Records supplied.
--------
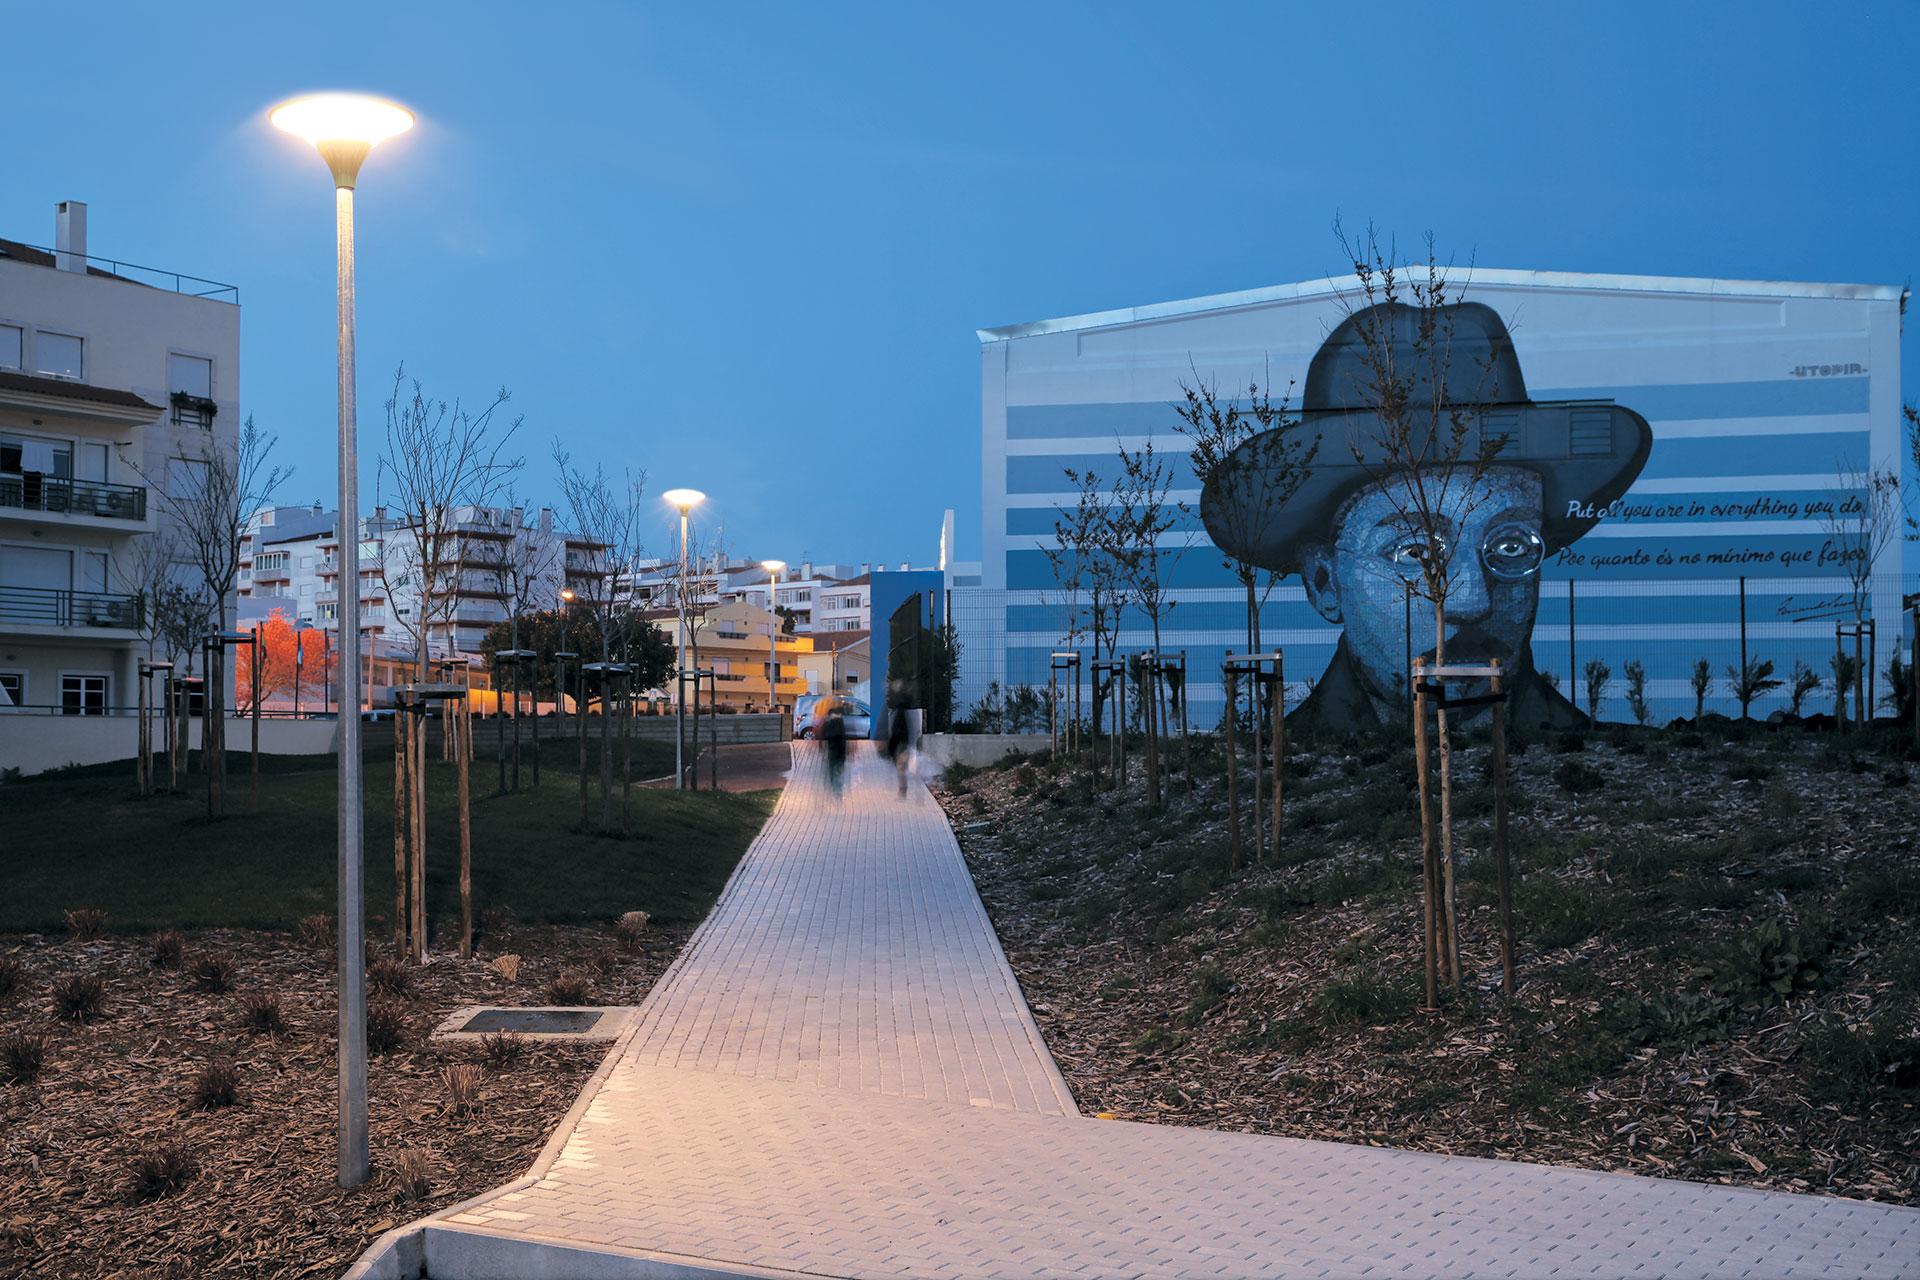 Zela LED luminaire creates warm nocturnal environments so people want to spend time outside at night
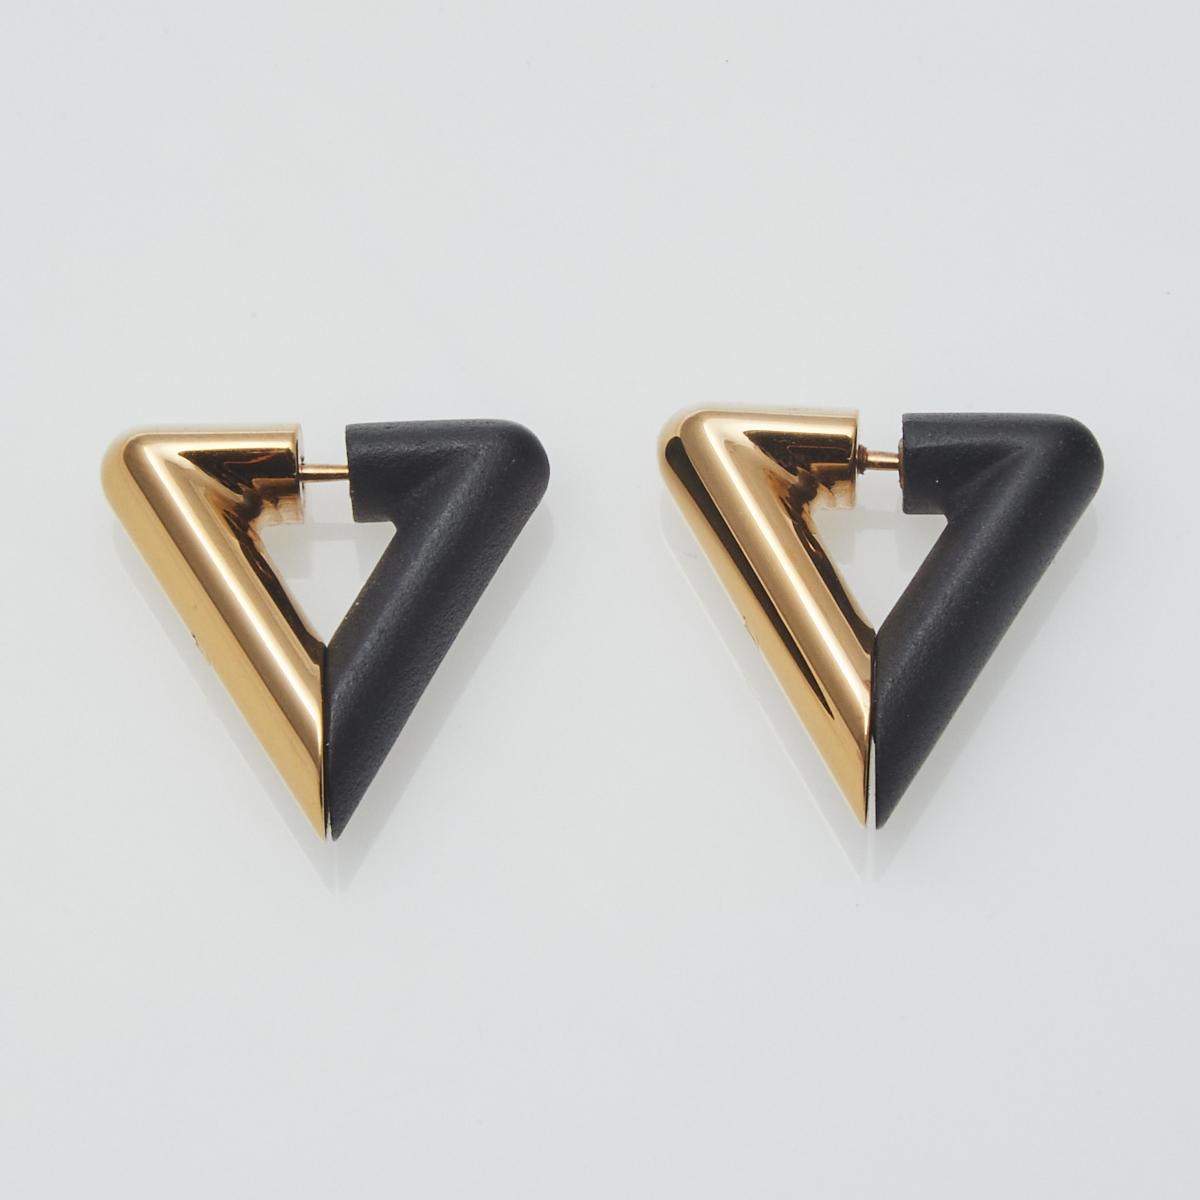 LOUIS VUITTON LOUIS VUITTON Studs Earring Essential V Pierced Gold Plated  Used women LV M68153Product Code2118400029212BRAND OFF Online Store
--------
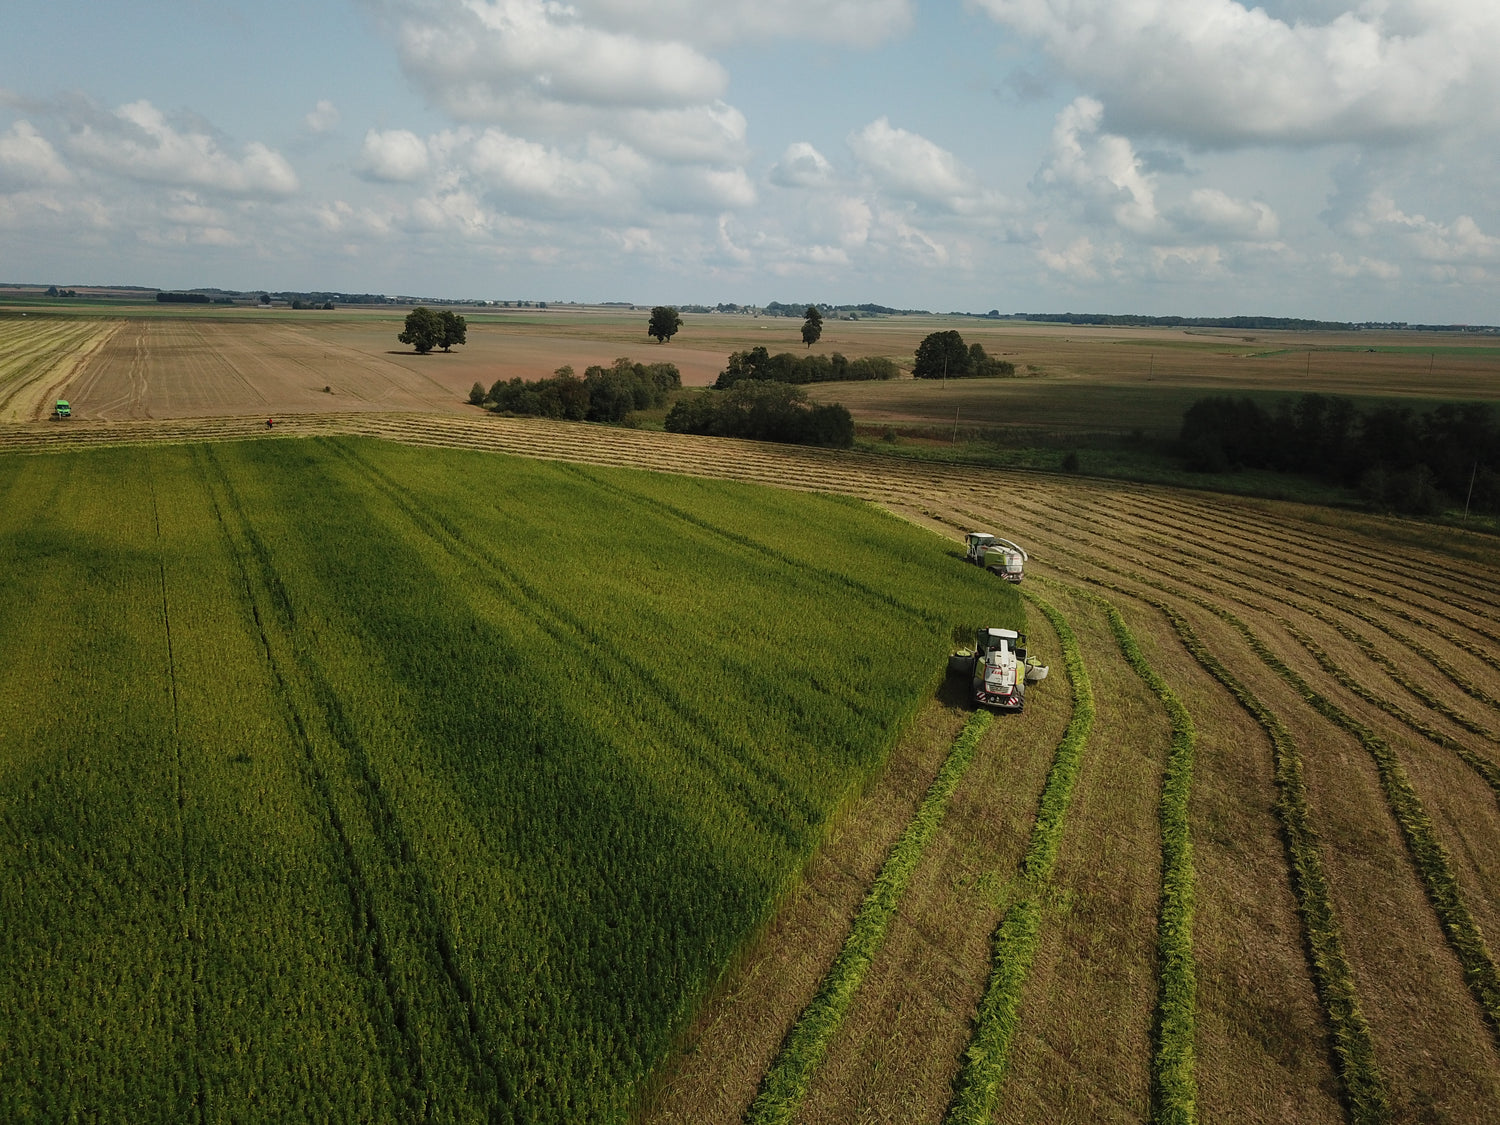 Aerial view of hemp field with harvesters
--------
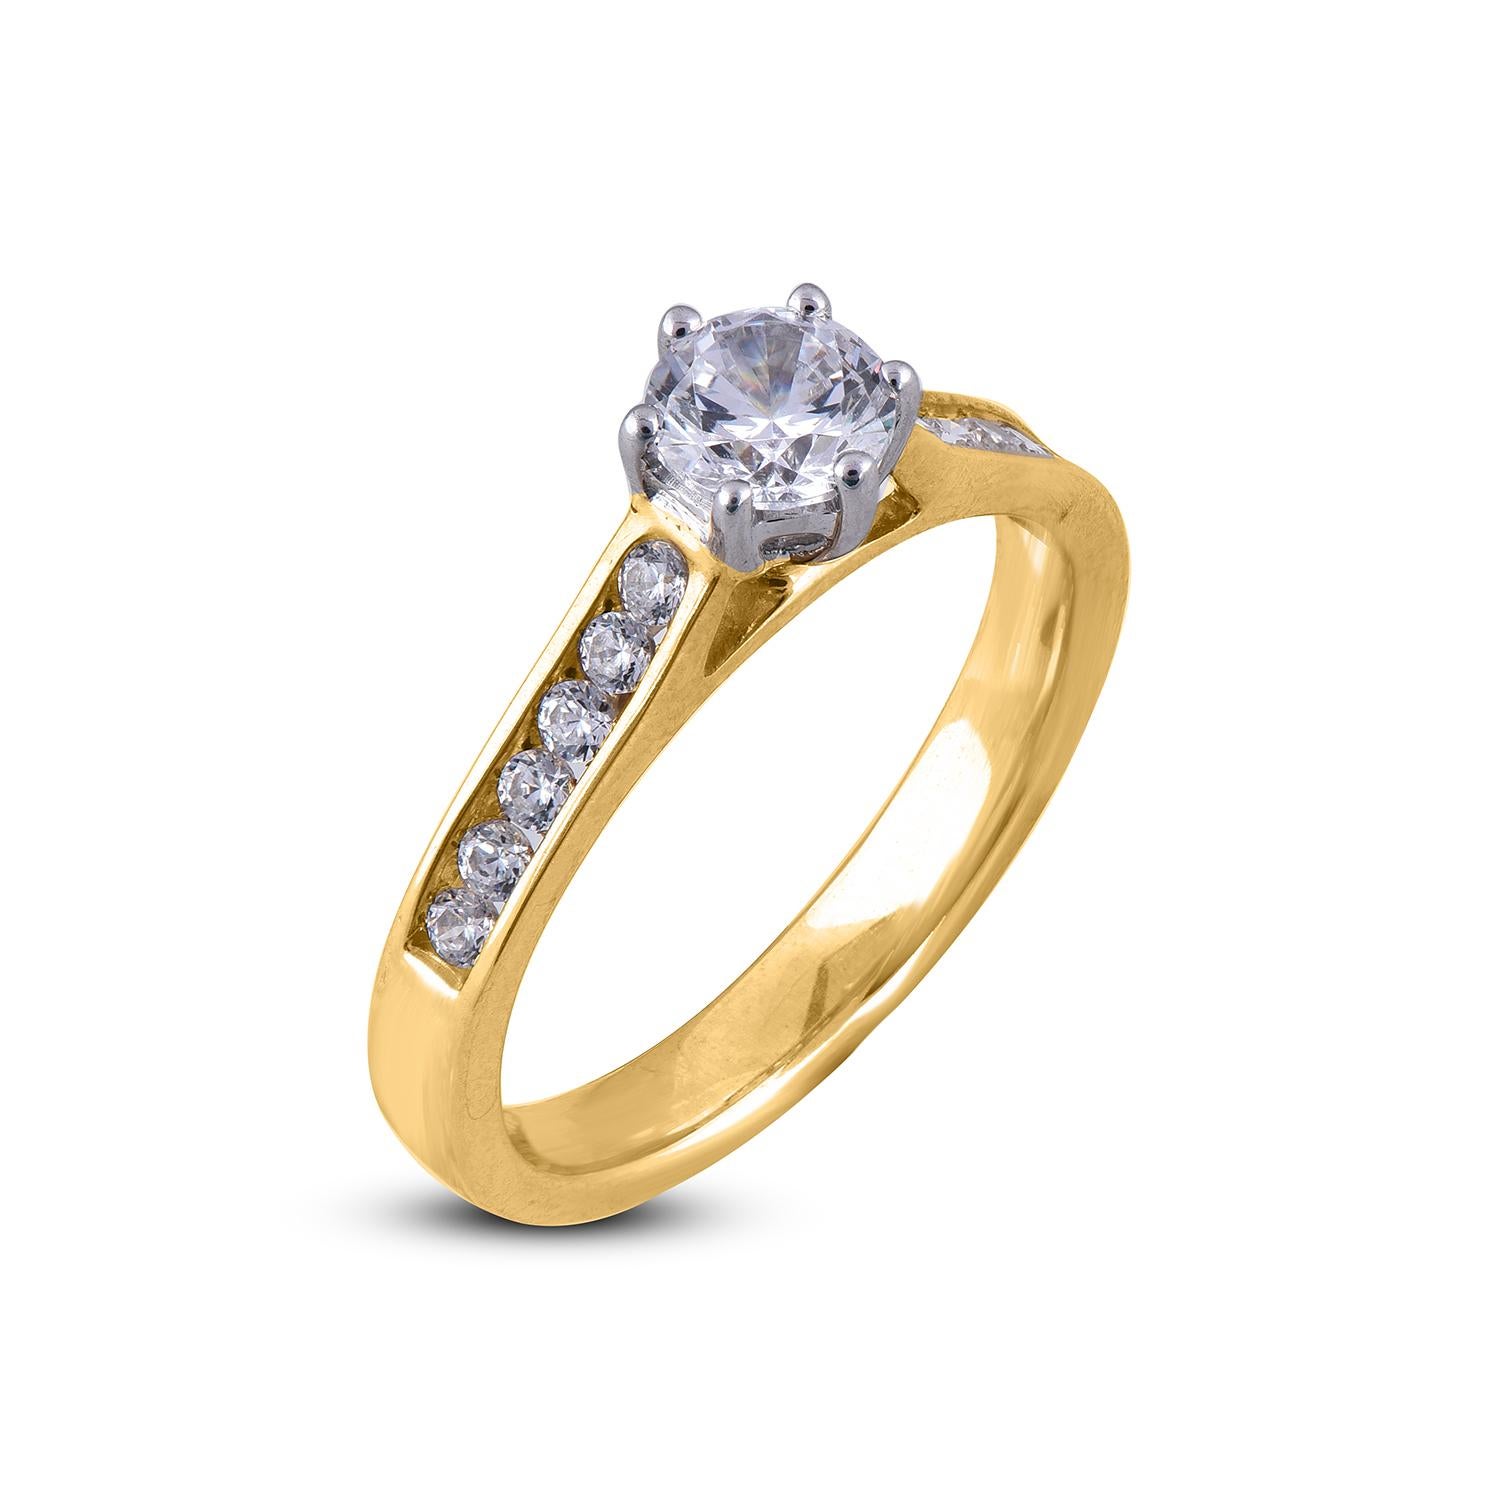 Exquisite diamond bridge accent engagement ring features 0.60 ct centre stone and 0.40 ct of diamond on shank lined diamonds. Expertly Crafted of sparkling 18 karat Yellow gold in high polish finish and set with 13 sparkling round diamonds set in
--------
Exercise aim.
Using the material above, transcribe exactly the lines from the one holding "Zela LED luminaire" to the one holding "LOUIS VUITTON LOUIS", both ends kept. Do not carry over any pictures.

Final answer.
 Zela LED luminaire creates warm nocturnal environments so people want to spend time outside at night
 LOUIS VUITTON LOUIS VUITTON Studs Earring Essential V Pierced Gold Plated  Used women LV M68153Product Code2118400029212BRAND OFF Online Store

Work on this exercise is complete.